"BAT SHALOM": UN APPELLO (21.07.06)

Noi, che facciamo parte di Bat Shalom, un'organizzazione di donne israeliane per la pace, impegnate nel chiedere la fine dell'occupazione e una pace giusta e sostenibile, basata sulla soluzione "due stati, due popoli", giudichiamo la continua escalation dell'uso della violenza e della forza nella nostra regione come una diretta minaccia piuttosto che come una potenziale soluzione. E' nostra convinzione che l'attuale escalation sia il diretto risultato dell'assenza di un processo politico per porre fine all'occupazione israeliana dei Territori palestinesi, inclusa Gaza. Per di piu', la politica israeliana di delegittimazione del governo palestinese legittimamente eletto, e pertanto la gestione unilaterale del conflitto, conduce all'assedio di Gaza e alla violazione dei diritti umani fondamentali di un'intera popolazione. Questo vuoto politico e' stato sfruttato da Hamas e Hezbollah per i loro scopi politici e per un contrattacco contro civili israeliani innocenti. Quindi, come cittadine/i israeliane/i, chiediamo al nostro governo di aprire negoziati con il governo palestinese eletto. Un passo immediato potrebbe fermare l'ulteriore distruzione del Libano, con un totale cessate il fuoco, e trattative per giungere allo scambio di prigionieri. Noi chiediamo alla comunita' internazionale, sia come singoli stati sia come entita' collettive, di condurre le parti a un percorso politico volto alla necessita' di por fine all'occupazione israeliana dei Territori palestinesi e alla soluzione dei due stati. Soltanto trattative politiche e una giusta e sostenibile pace garantiranno sicurezza per tutta la cittadinanza nella regione.


GAZA ALLO STREMO SOTTO LA "PIOGGIA D'ESTATE" (Medici Senza Frontiere, 17/07/2006)

Da quando un suo soldato è stato rapito, l'esercito israeliano è entrato di nuovo nella striscia di Gaza. L’incursione, chiamata "Pioggia d'estate", ha provocato gravi danni a cose e persone. Laura Brav, nostro capo missione, racconta ciò che ha visto a Gaza. La testimonianza è stata raccolta il 12 luglio scorso.

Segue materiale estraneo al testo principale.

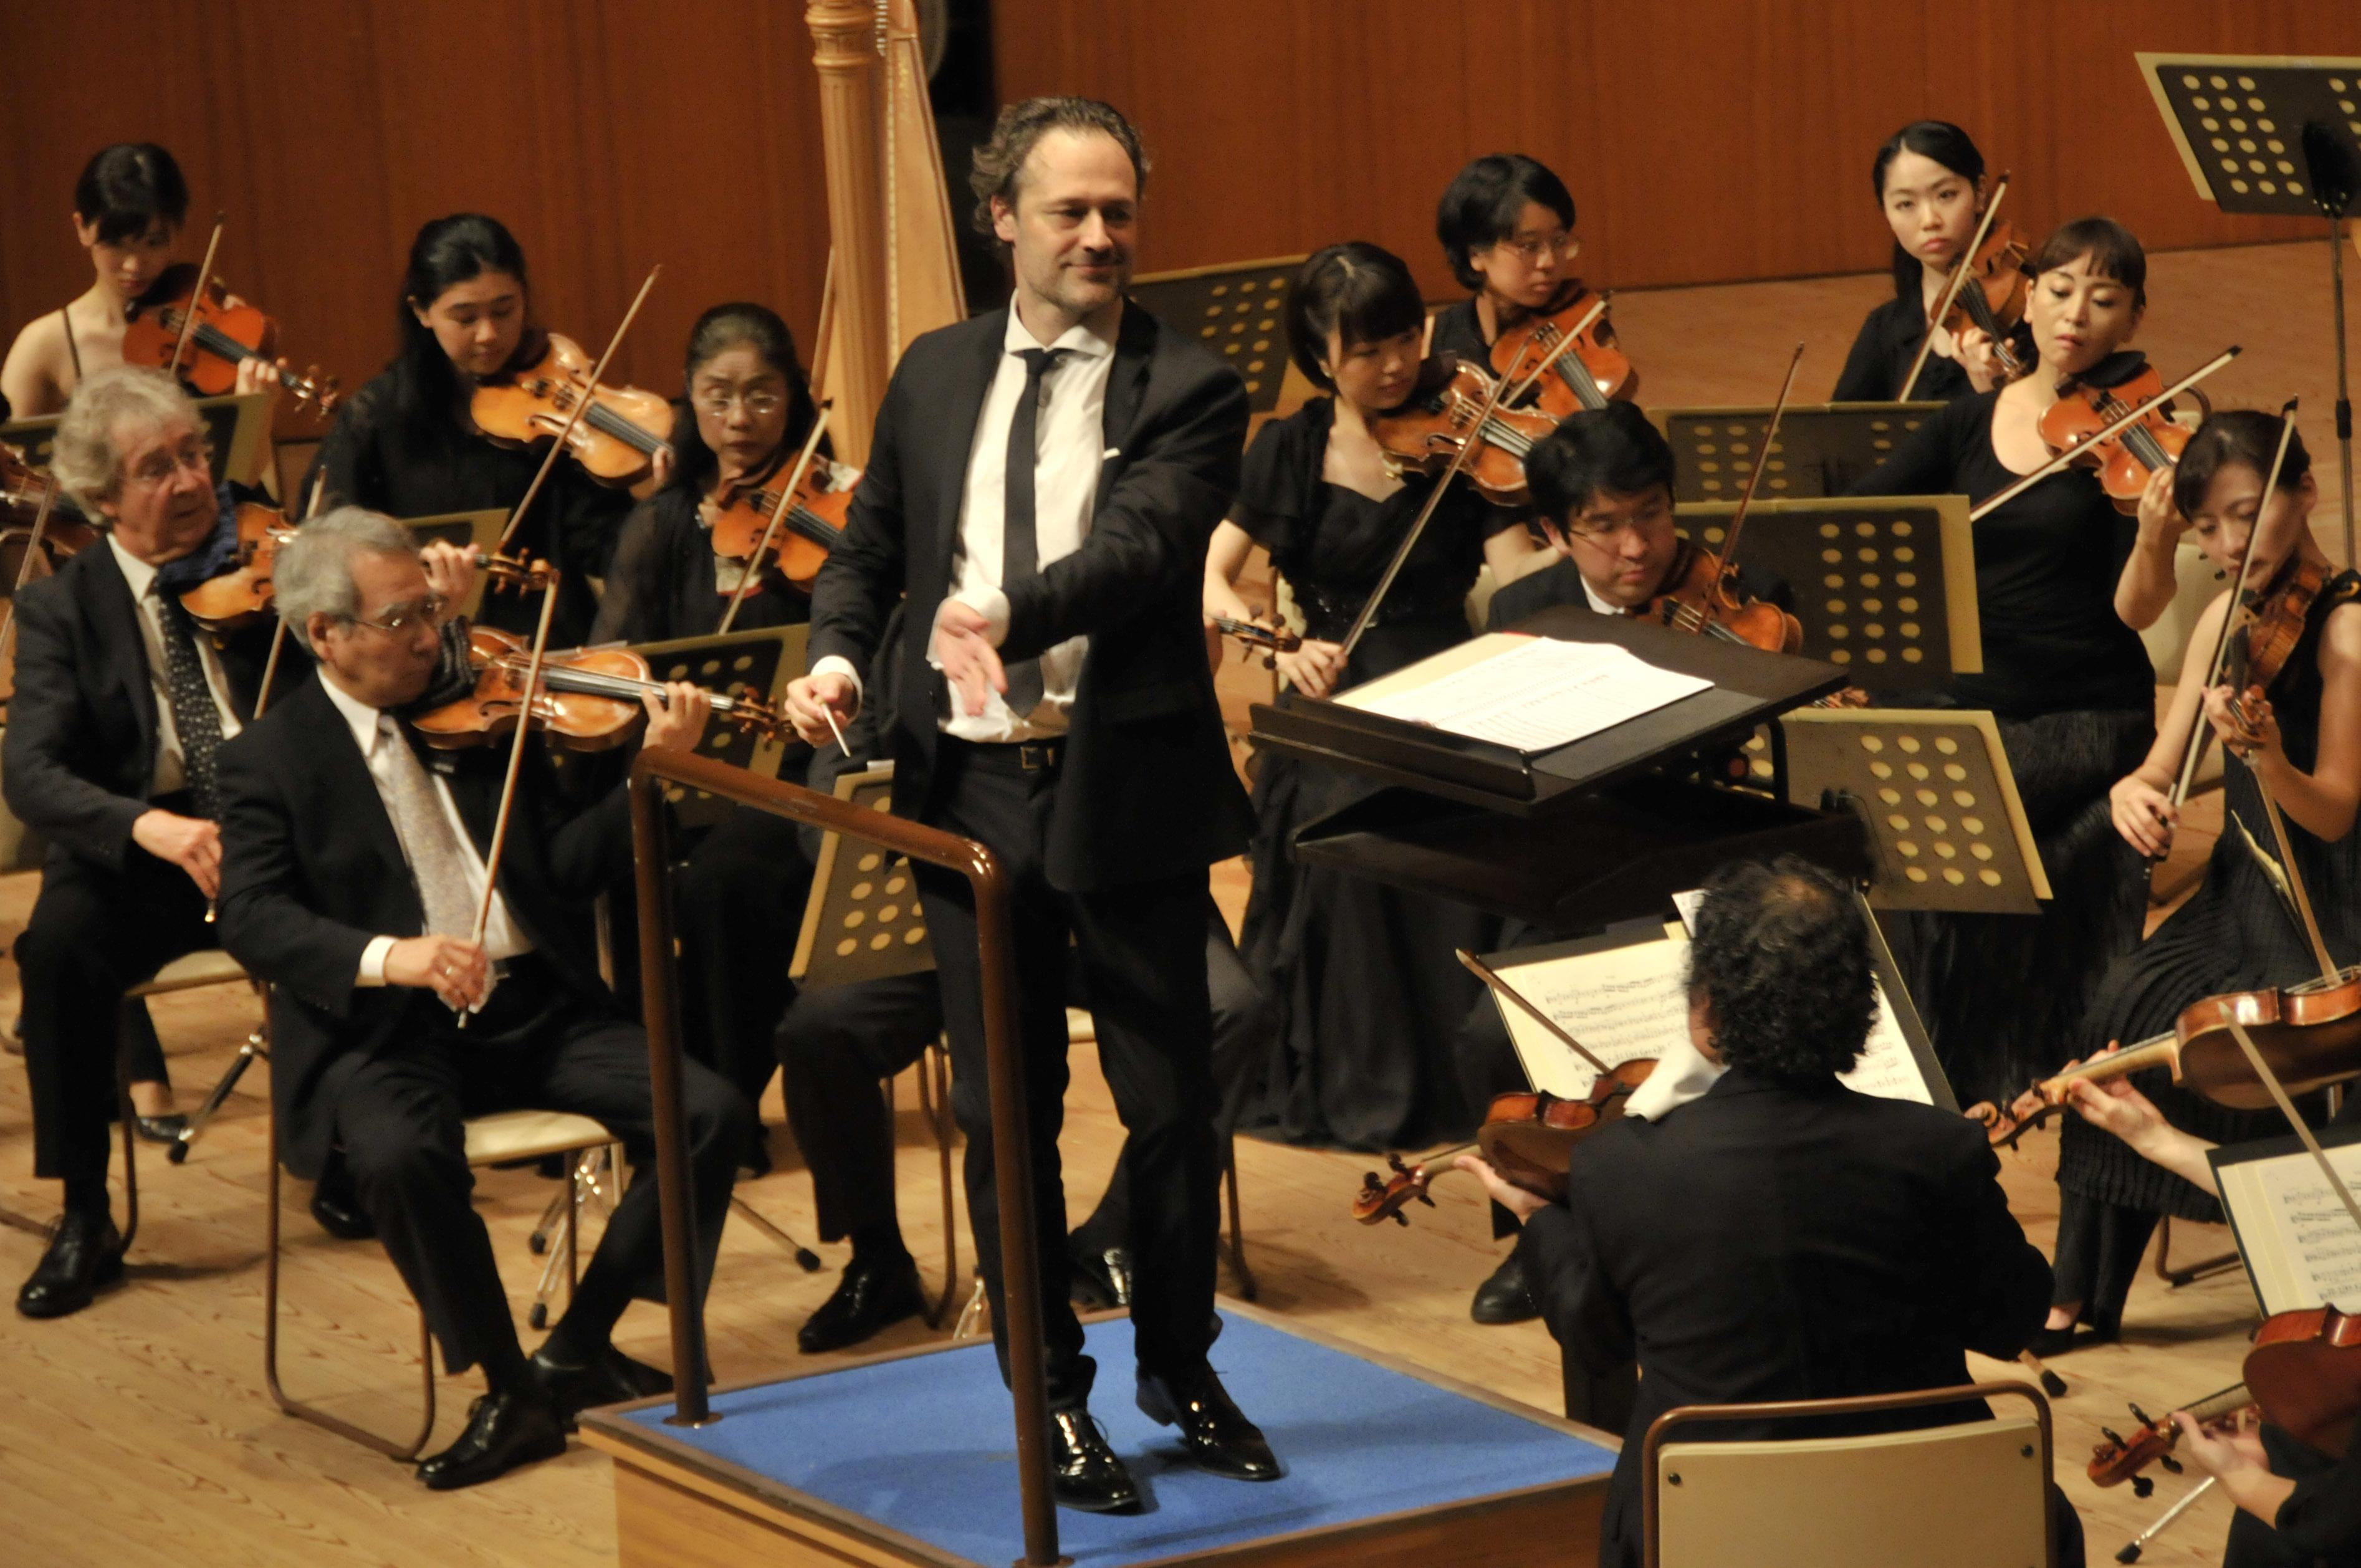 第40回霧島国際音楽祭2019 キリシマ祝祭管弦楽団公演

"Sabato scorso sono riuscita a rientrare nella striscia di Gaza con il nostro responsabile sul terreno, un medico e un logista. Abbiamo analizzato la situazione per stabilire gli interventi necessari. L'operazione ‘Pioggia d'estate’ va avanti, con movimenti di carri israeliani e numerosi colpi di mortaio sulla parte settentrionale della striscia di Gaza. Il rumore delle esplosioni è assillante e terribile, soprattutto per i bambini. Gli omicidi mirati sono sempre più frequenti; causano numerosi feriti civili tra i passanti che si trovano nel posto sbagliato al momento sbagliato. Nel contempo, prosegue giorno dopo giorno il lancio di "Qassams", (razzi artigianali palestinesi) da Gaza verso Israele.

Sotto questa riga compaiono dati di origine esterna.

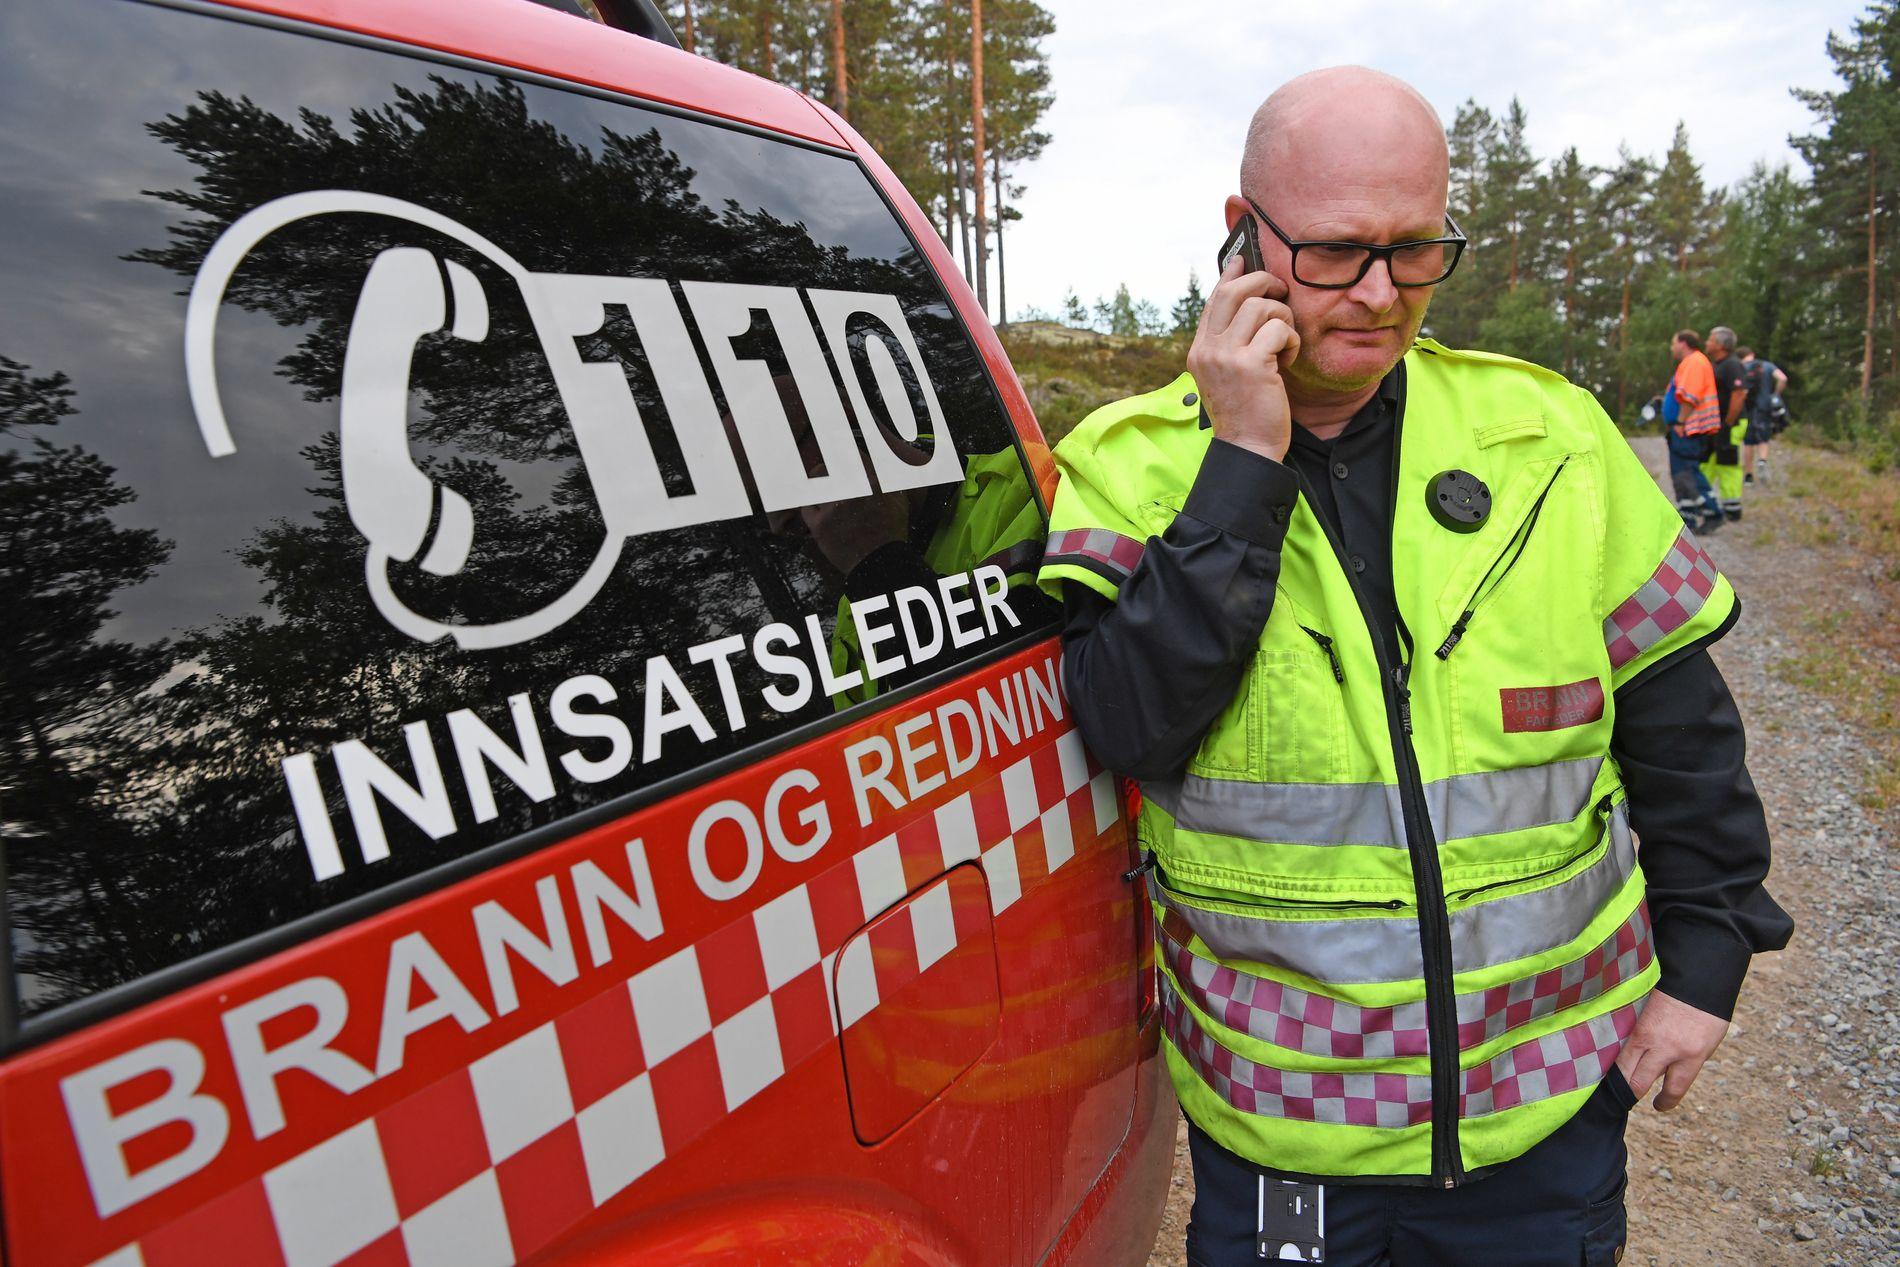 HEKTISK: Jhonny Brenna fra brannvesenet på Notodden sier til VG at de skal drive slukningsarbeid i kommunen gjennom natten.

Il bilancio delle vittime. Oltre alle perdite umane (dal 25 giugno sono morti 53 palestinesi, di cui 9 bambini e una donna, e ne sono stati feriti 229, di cui 79 bambini e 15 donne), ‘Pioggia d'estate’ provoca gravi danni alle cose. L'unica centrale elettrica di Gaza, che alimentava il centinaio di pompe d'acqua che rifornivano la zona, è stata distrutta dai bombardamenti; alcune abitazioni sono state occupate e danneggiate; parecchi campi sono stati devastati. Non è ancora stato possibile ripristinare la normale fornitura di elettricità, in quanto le linee riparate vengono nuovamente distrutte, per cui alcuni quartieri restano isolati dalla rete durante il giorno e persiste l'incertezza per l'approvvigionamento d'acqua. Ieri, lunedì, MSF ha fornito acqua a 40 famiglie (circa 400 persone) fuggite da Shoka, un quartiere assalito dai carri israeliani vicino alla città di Rafah.

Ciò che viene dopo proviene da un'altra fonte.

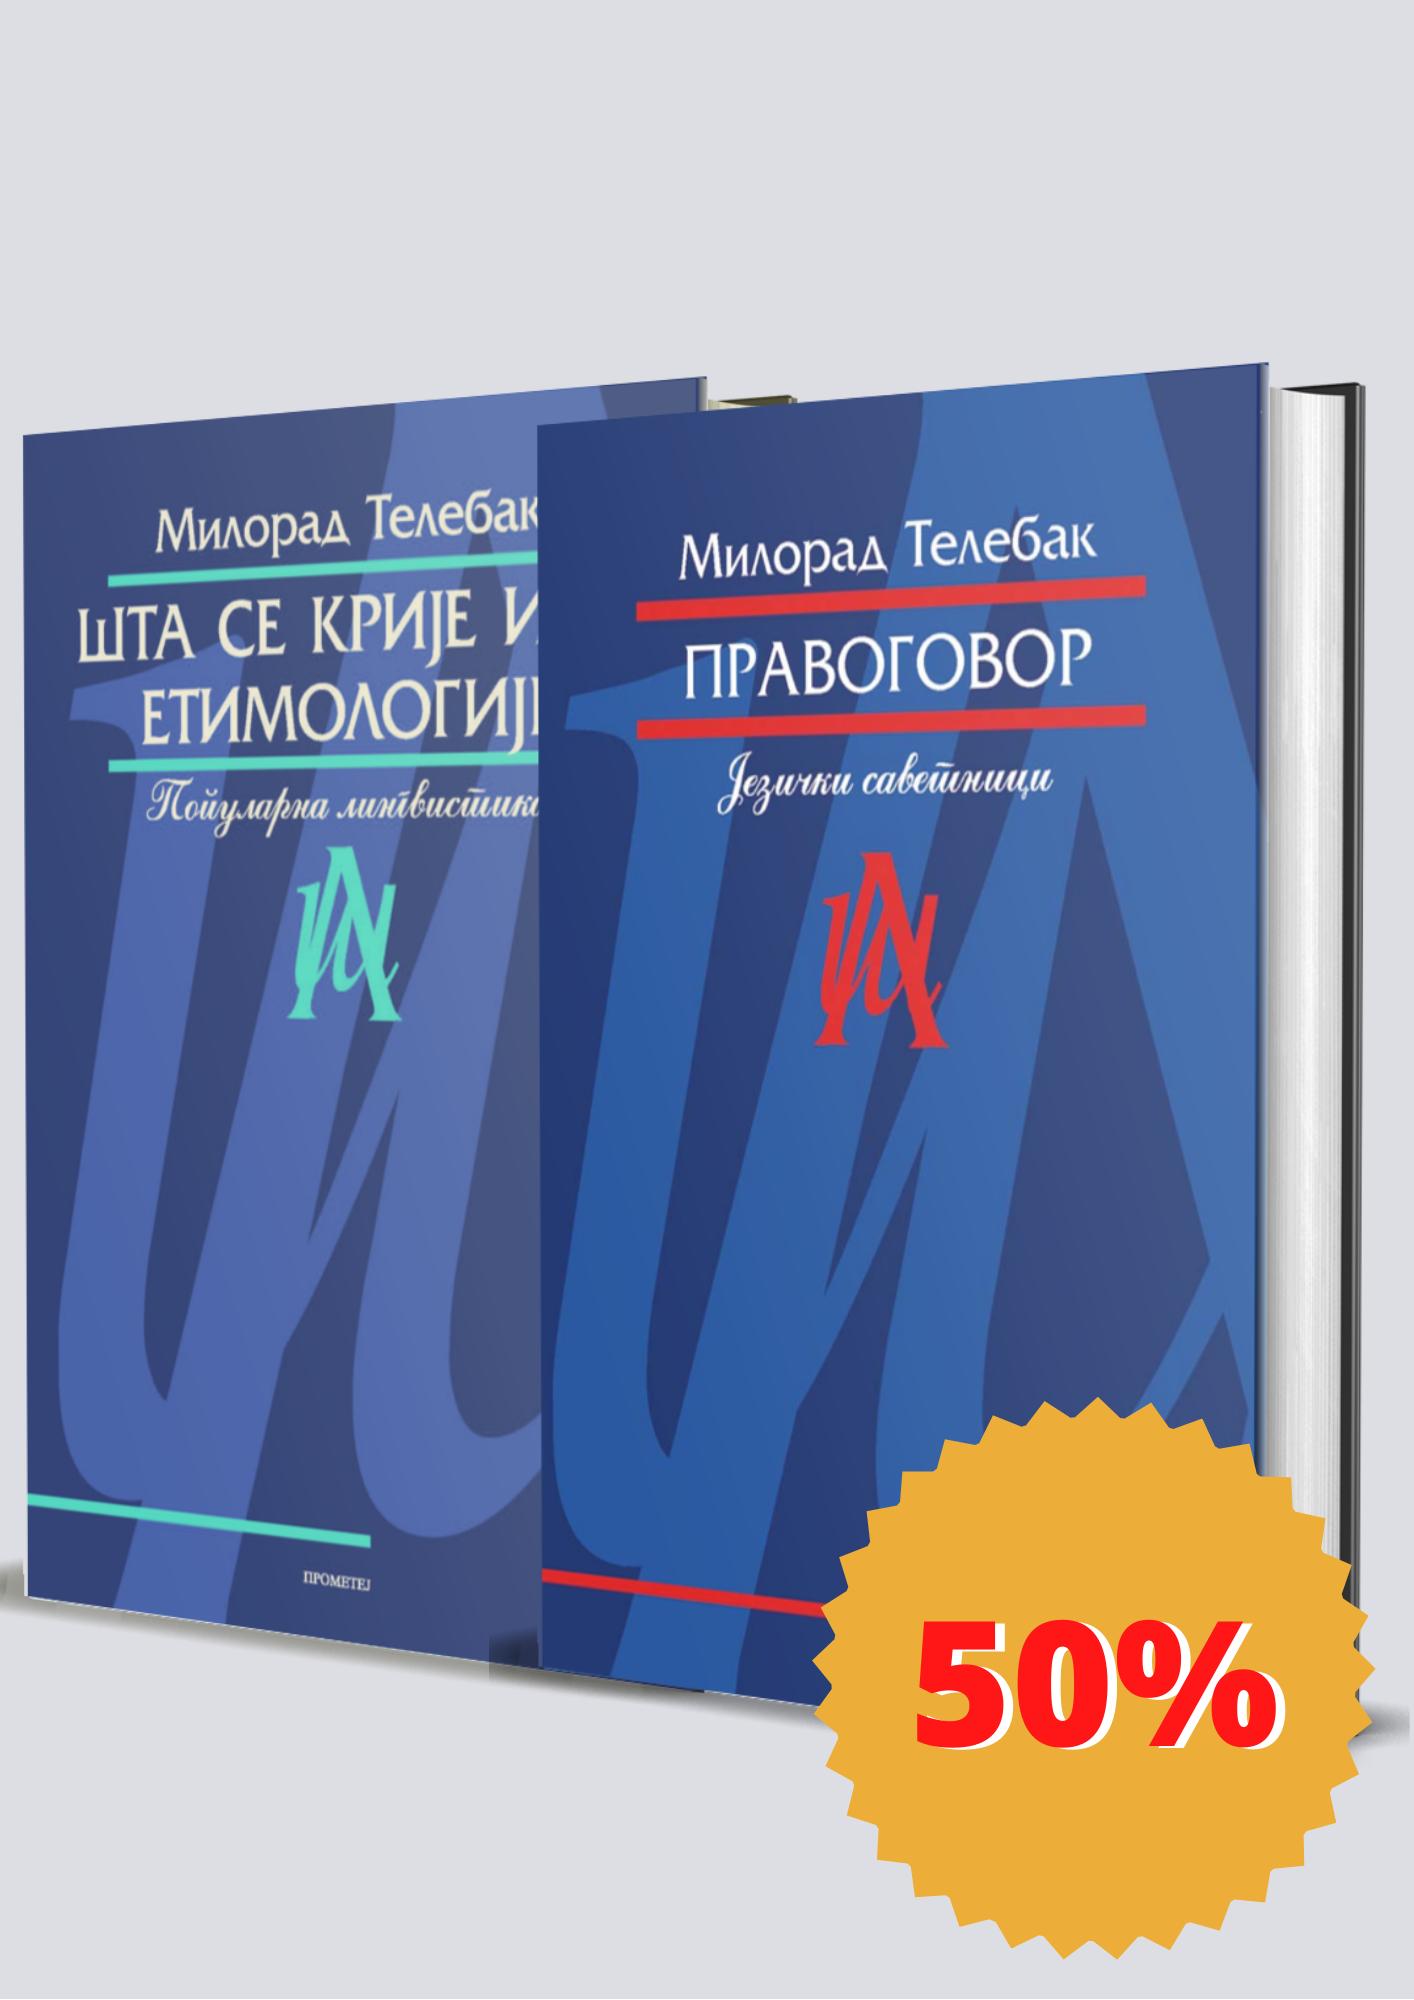 Популарна лингвистика I – 2 књиге по цени једне

Problemi di approvvigionamento, ma gli ospedali funzionano. Il blocco pesa sulla fornitura di farmaci, cibo e carburante, necessario per il funzionamento dei generatori di corrente. Grazie alle pressioni internazionali e delle Nazioni Unite, oggi sono maggiori le possibilità di passaggio, comunque rigorosamente controllato dall'esercito israeliano, sempre presente intorno al punto di transito delle merci di Karni, chiuso da più di una settimana. Rimane il problema della presa in carico dei malati cronici, come malati di cancro e diabetici, in quanto non è più possibile trasferirli verso i paesi vicini affinché siano curati con apparecchiature e trattamenti specifici, inesistenti a Gaza.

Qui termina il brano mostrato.